No, I mean using something like Vienna Ensemble Pro to offload some instruments onto a secondary computer.

Freezing and/or bouncing tracks you are not actively editing greatly reduces your RAM needs, and even 64GB is enough for large (huge) projects.
Yes it’s a bit time consuming, but not that bad once built in your habits.

Consider also improving your SSDs to reduce hiccups when loading libraries.
Don’t use USB drives for libraries, but only internal NVMe x4 (min Gen.4, but even Gen.5 theses days).

I do own Vienna Ensemble Pro 7, but I don’t like it at all. I only have it because it was a bundle with their Epic Orchestra 2.0, which I wanted and was inexpensive enough to get it. But I tried it and I didn’t like it, in part because its GUI is not scalable, and it was too small for me.

I do that when I have to, but it’s also time consuming, so I’d rather have a lot of RAM to fit everything in there.

As it is, the PC is going to have 3 M.2 drives, 4 TB each. And that’s going to be a little tight considering all the libraries I have, plus other software that is not music related. These are all gen 4. The motherboard allows a Gen 5, but even if I paid a lot more to get one of those, the bus is shared with the graphics card, so I wouldn’t use that slot, or the other one that is a Gen 4 but is also handled by the CPU. The other three are handled by the motherboard’s chipset, so I used those.

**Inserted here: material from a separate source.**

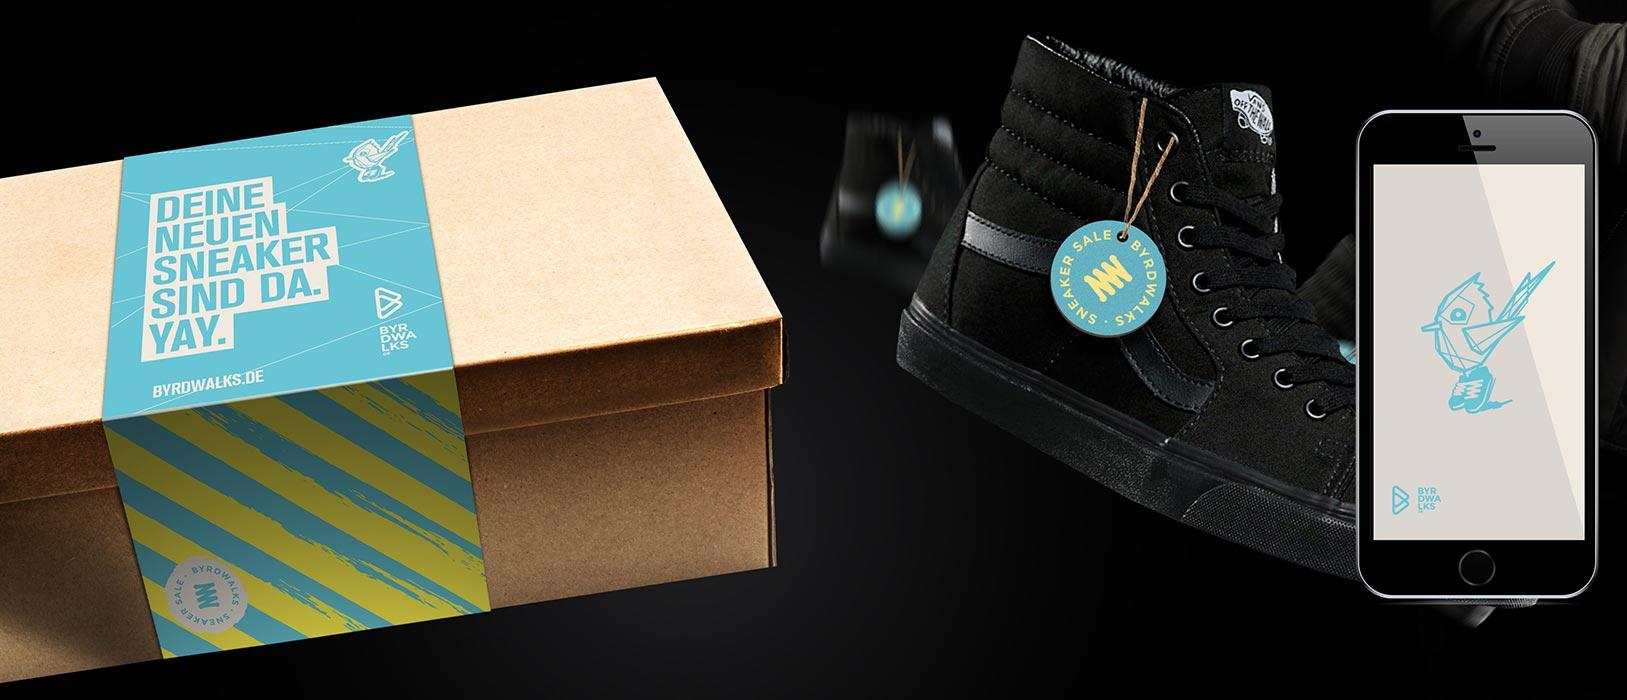 coporate design und packaging

Then I have the external SSDs that I use with the Mac, all USB-C 3.2 I think, and one Thunderbolt, but to use that one I would need to buy a Thunderbolt card for the PC.

So my question is, is there anyone here working with a PC with 128 GB of RAM, and is it enough when you have a giant project with 100 tracks or more? And I would like to know if anyone is working with 192 GB of RAM, and how is that working out? Are you having any problems? Does Cubase really use all that RAM effectively or not?